┌─ DATA FOR REVIEW

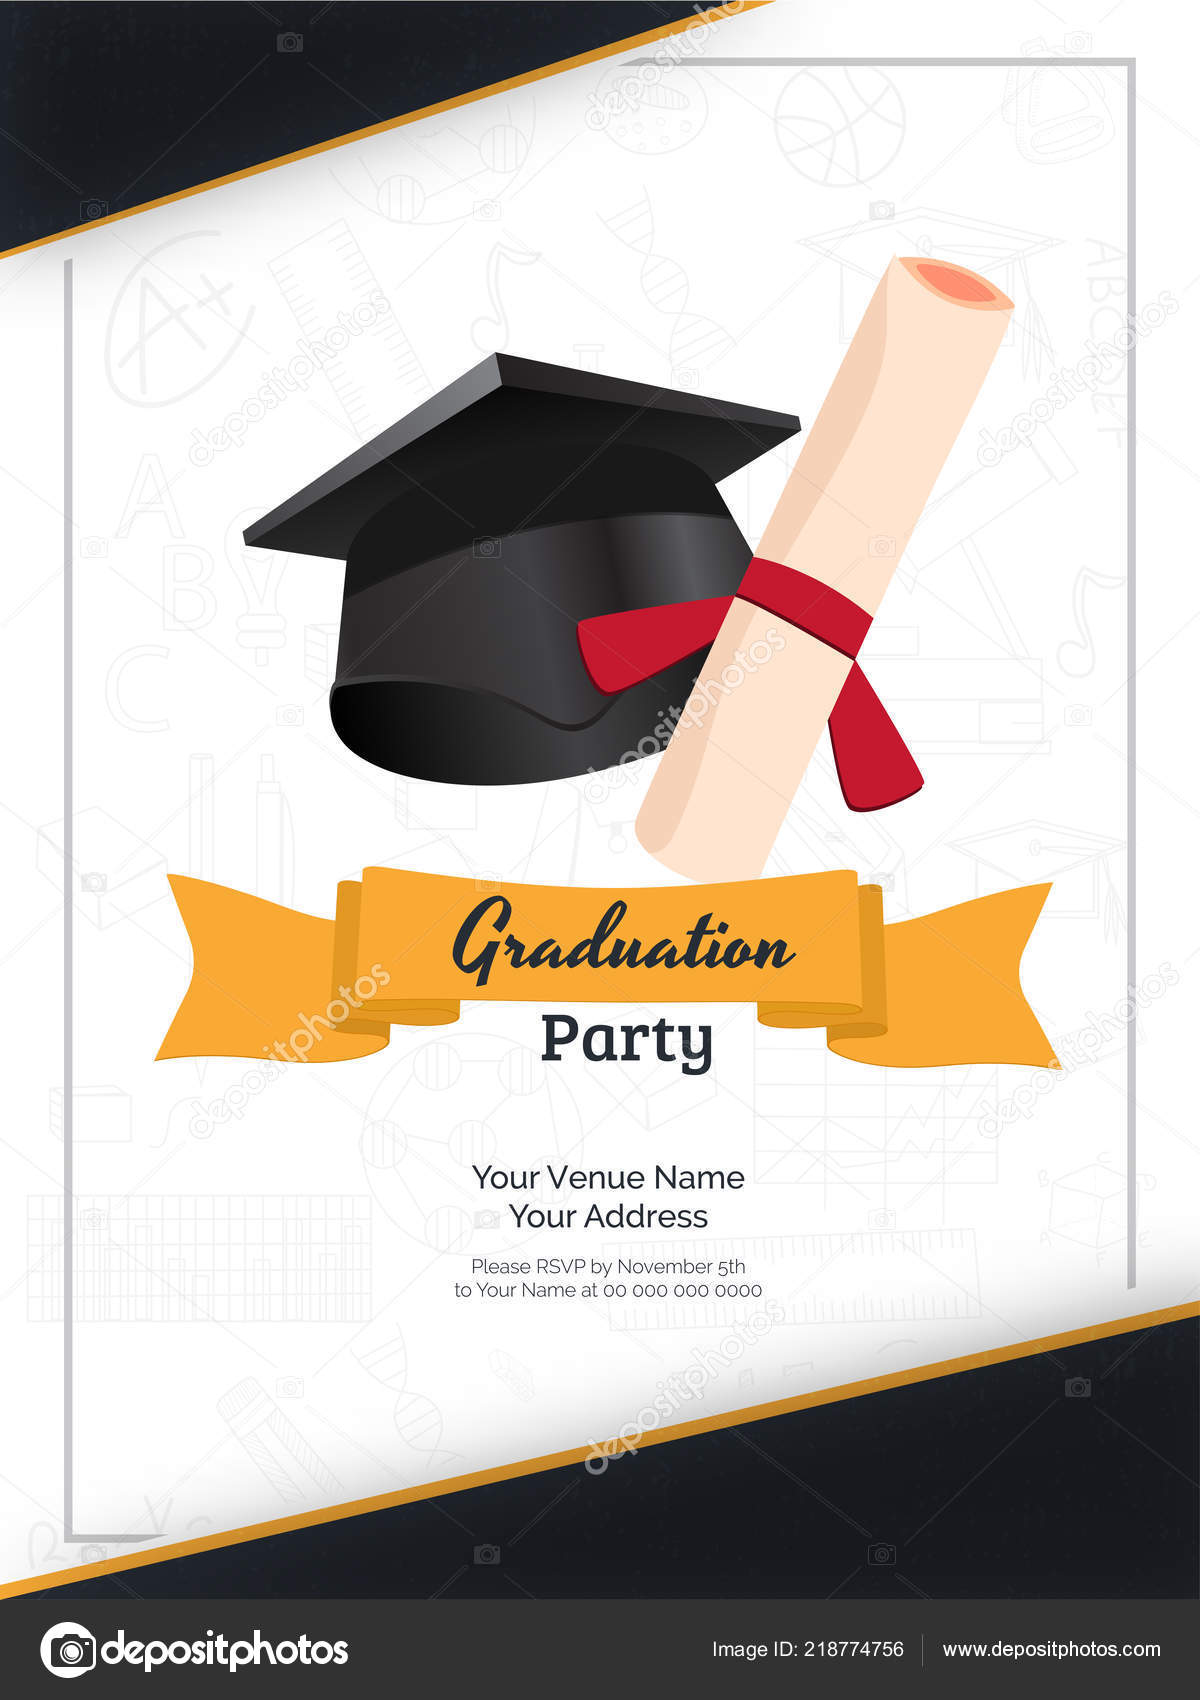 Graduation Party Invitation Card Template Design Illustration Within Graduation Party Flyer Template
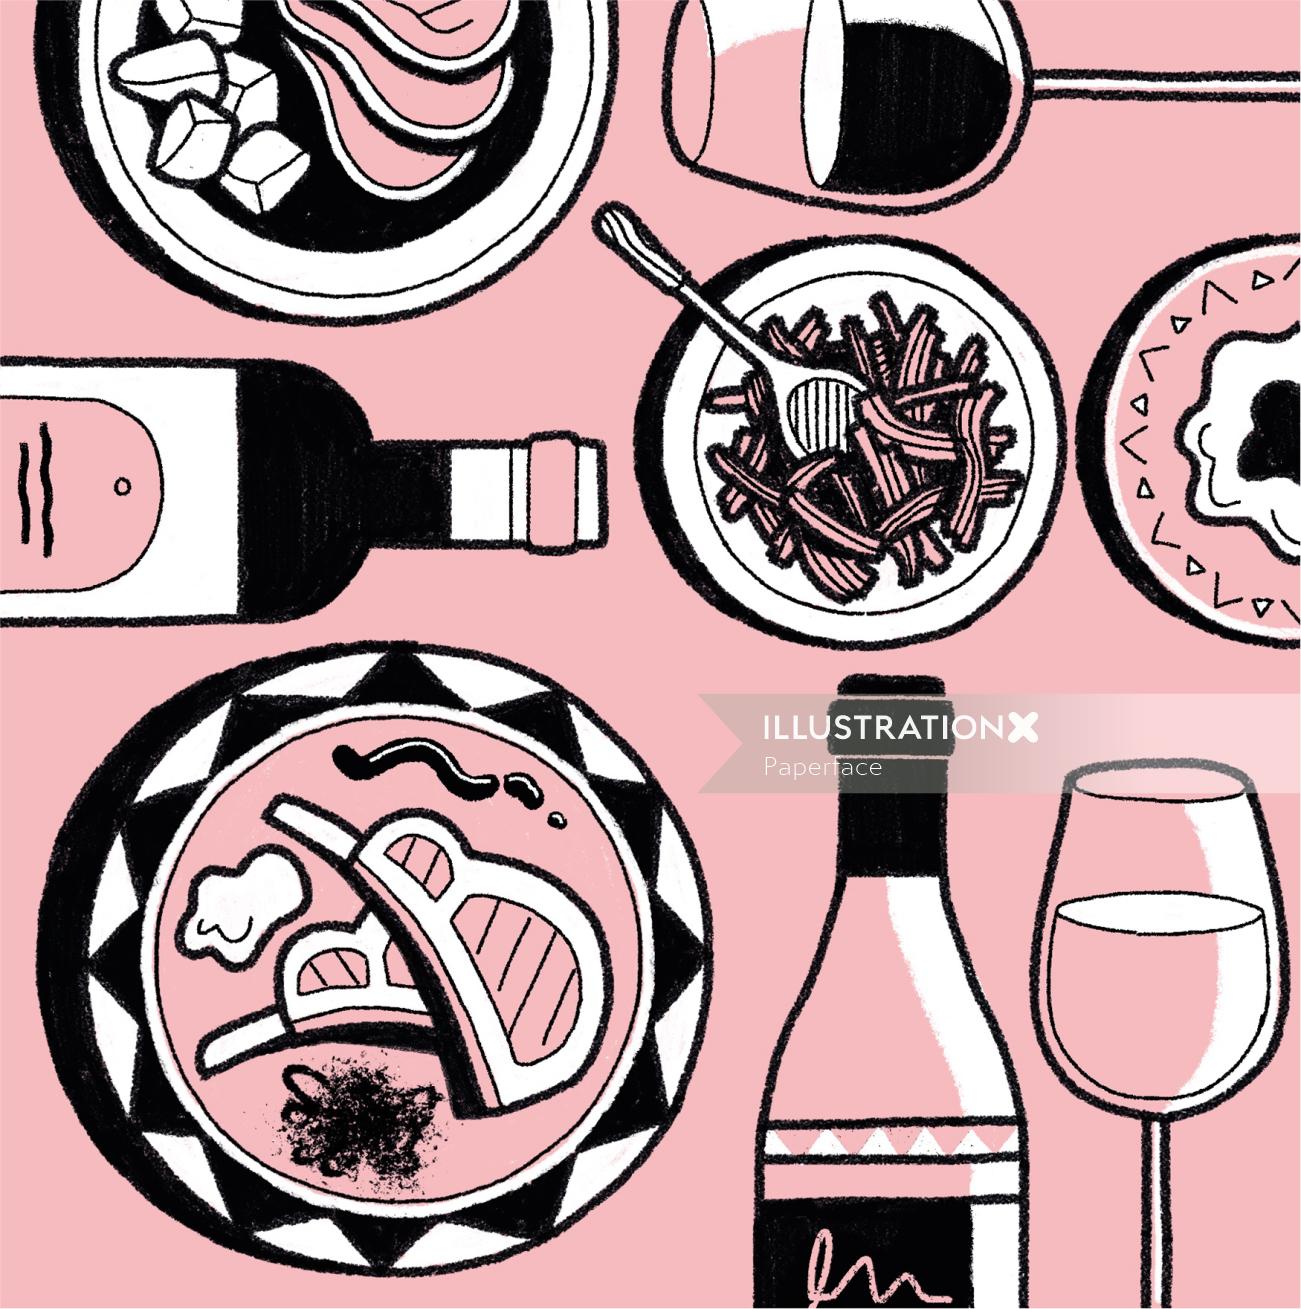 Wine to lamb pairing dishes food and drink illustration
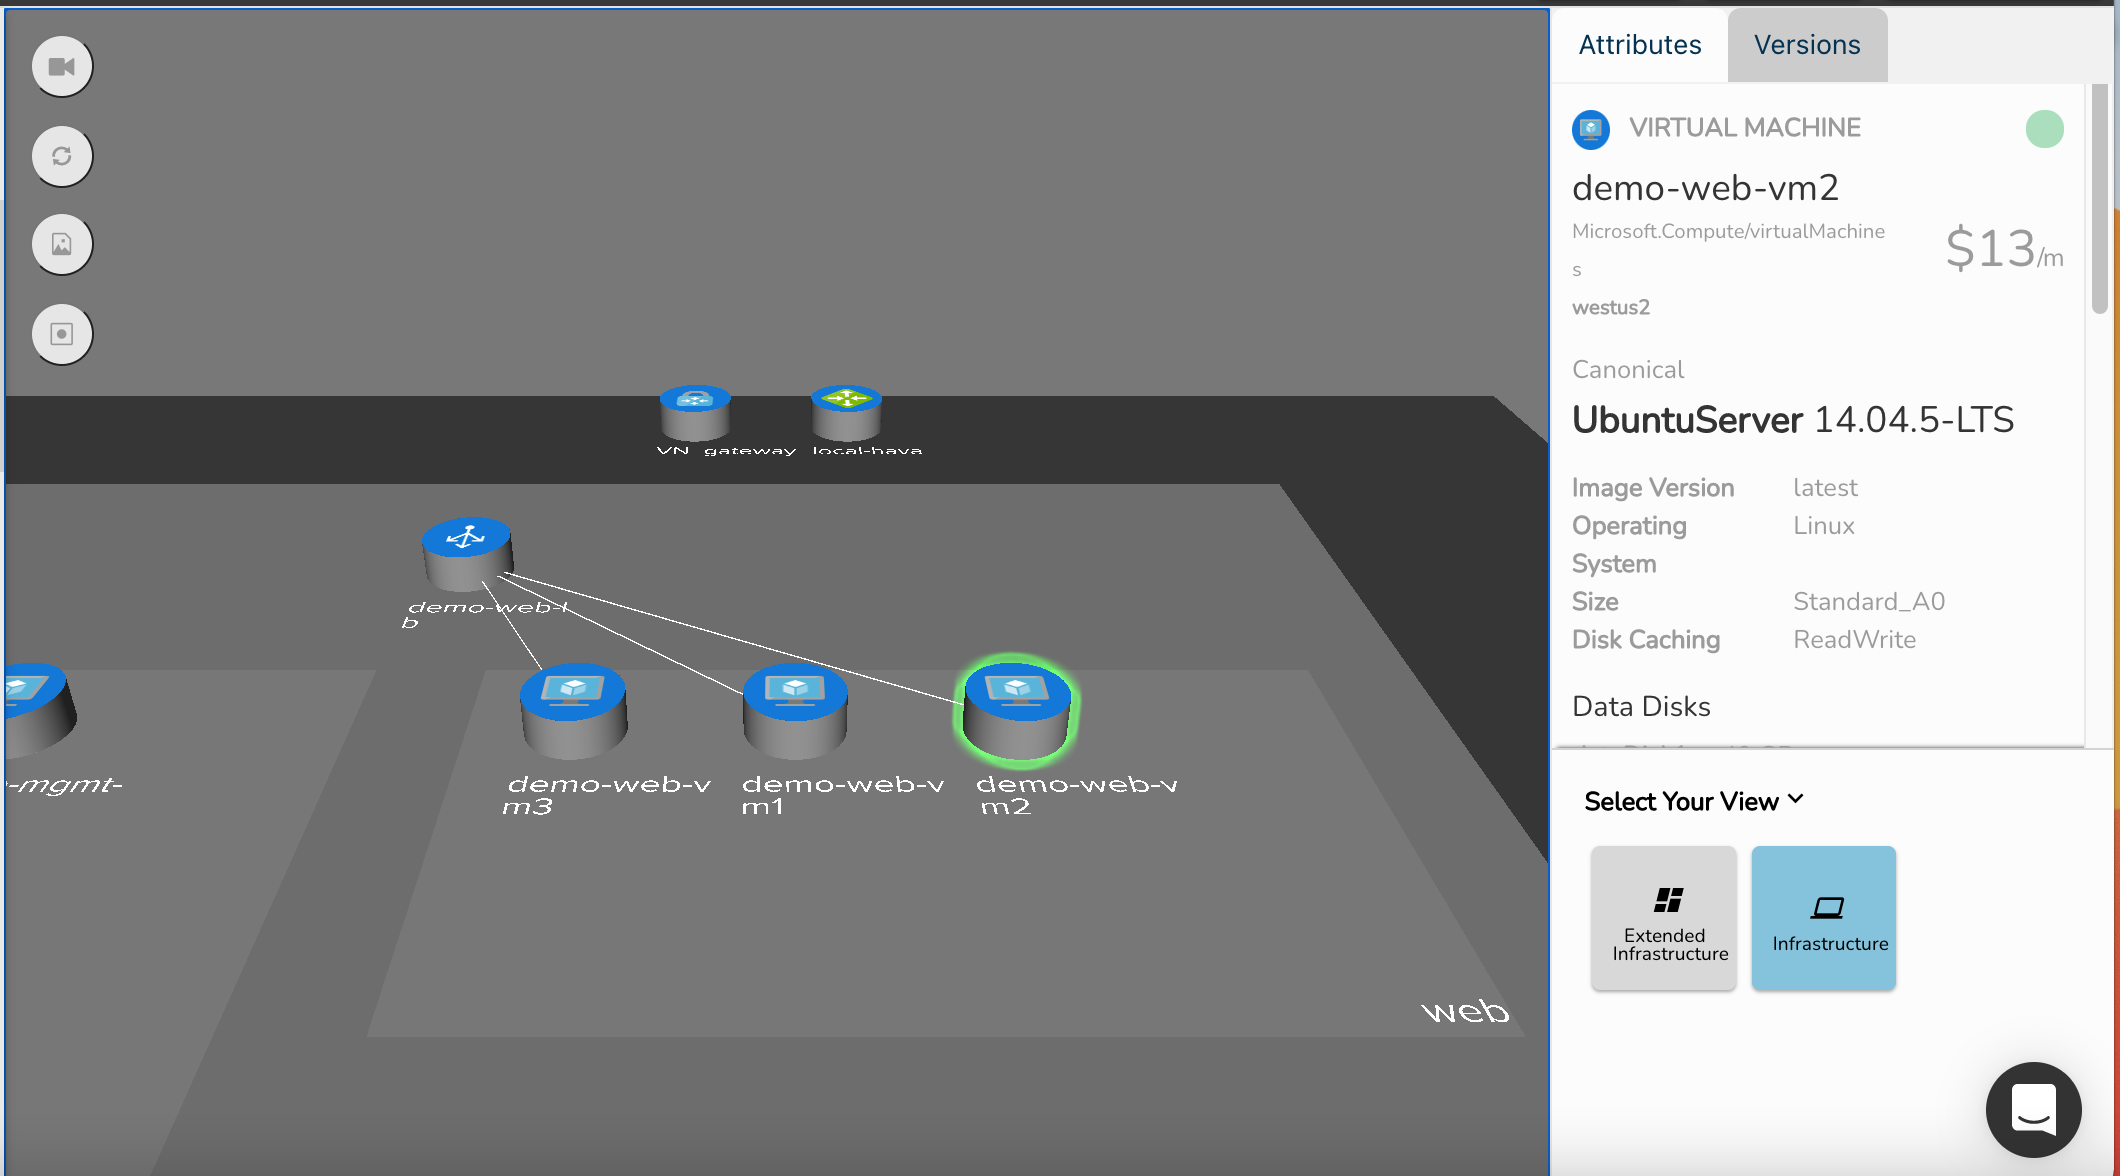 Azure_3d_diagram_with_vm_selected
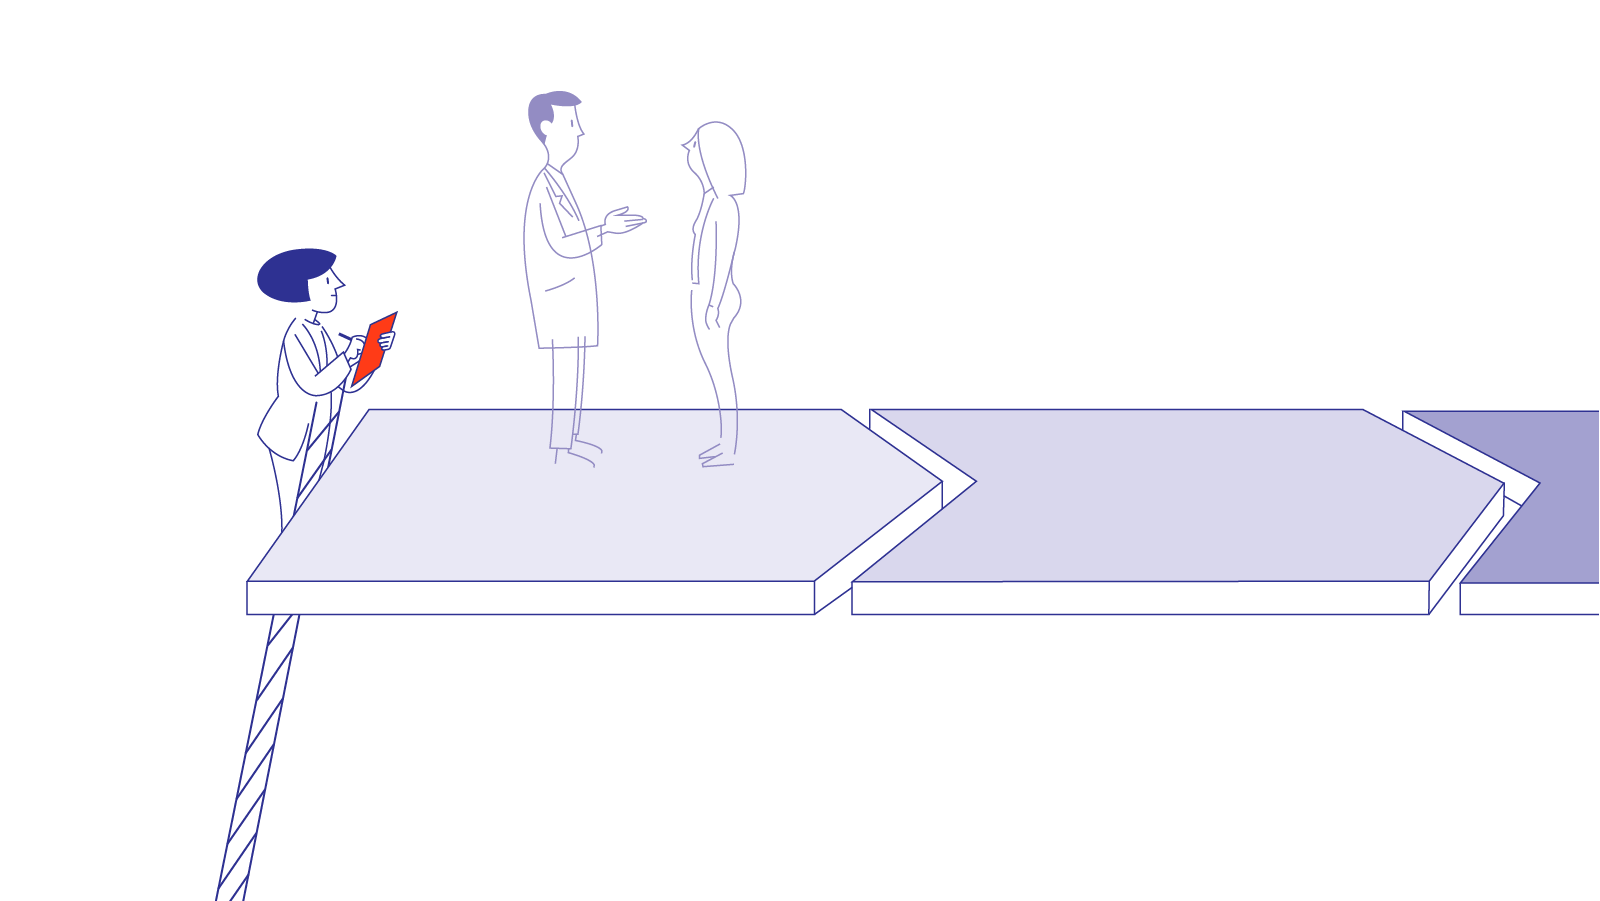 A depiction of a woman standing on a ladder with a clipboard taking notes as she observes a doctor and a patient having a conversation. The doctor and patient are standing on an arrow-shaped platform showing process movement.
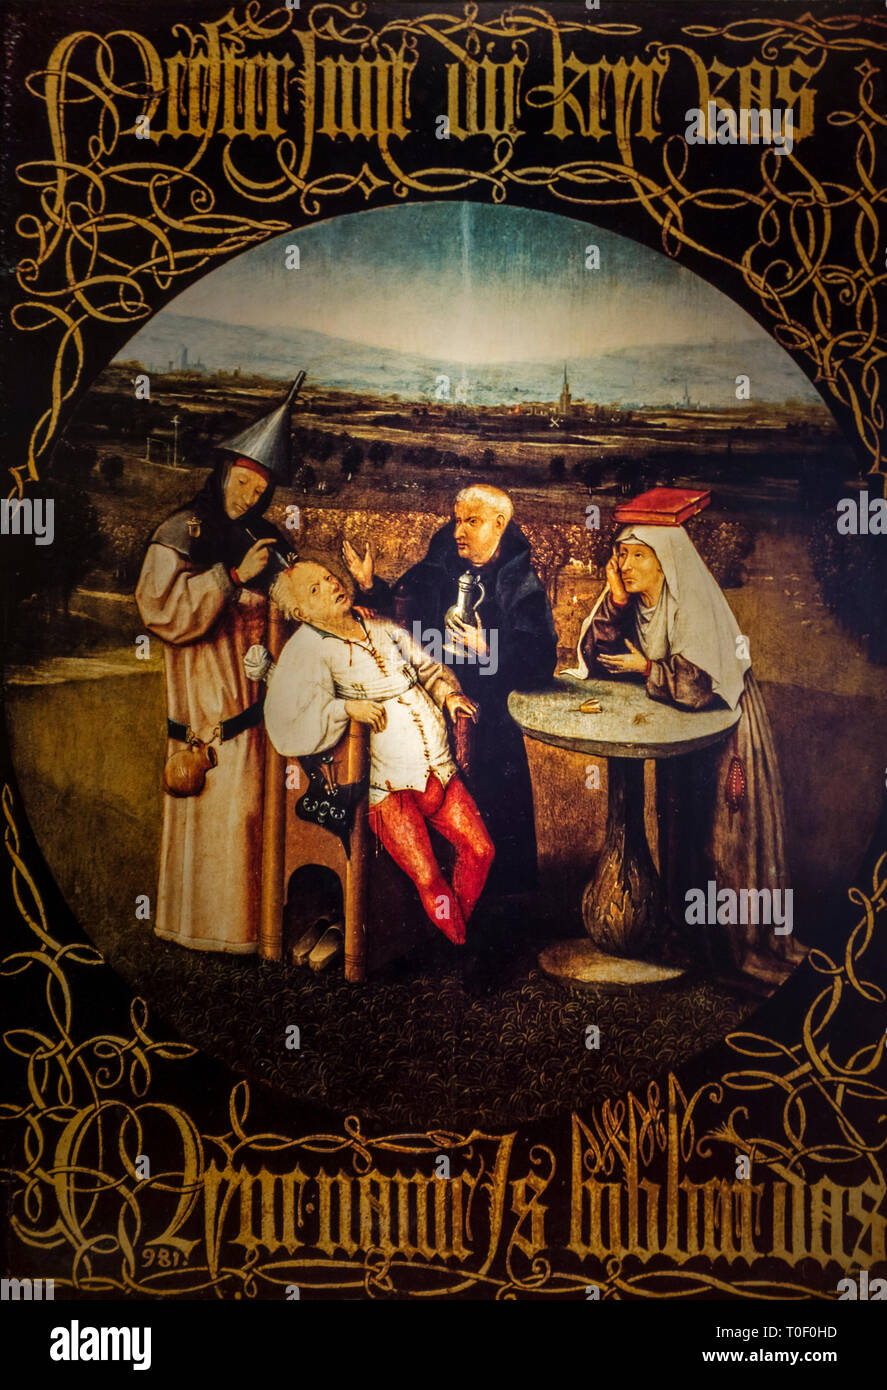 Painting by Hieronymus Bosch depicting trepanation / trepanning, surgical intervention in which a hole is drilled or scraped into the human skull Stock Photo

└─

# YOUR INSTRUCTIONS
Transcribe every entry word for word, excluding images.

# TASK OUTPUT
 Graduation Party Invitation Card Template Design Illustration Within Graduation Party Flyer Template
 Wine to lamb pairing dishes food and drink illustration
 Azure_3d_diagram_with_vm_selected
 A depiction of a woman standing on a ladder with a clipboard taking notes as she observes a doctor and a patient having a conversation. The doctor and patient are standing on an arrow-shaped platform showing process movement.
 Painting by Hieronymus Bosch depicting trepanation / trepanning, surgical intervention in which a hole is drilled or scraped into the human skull Stock Photo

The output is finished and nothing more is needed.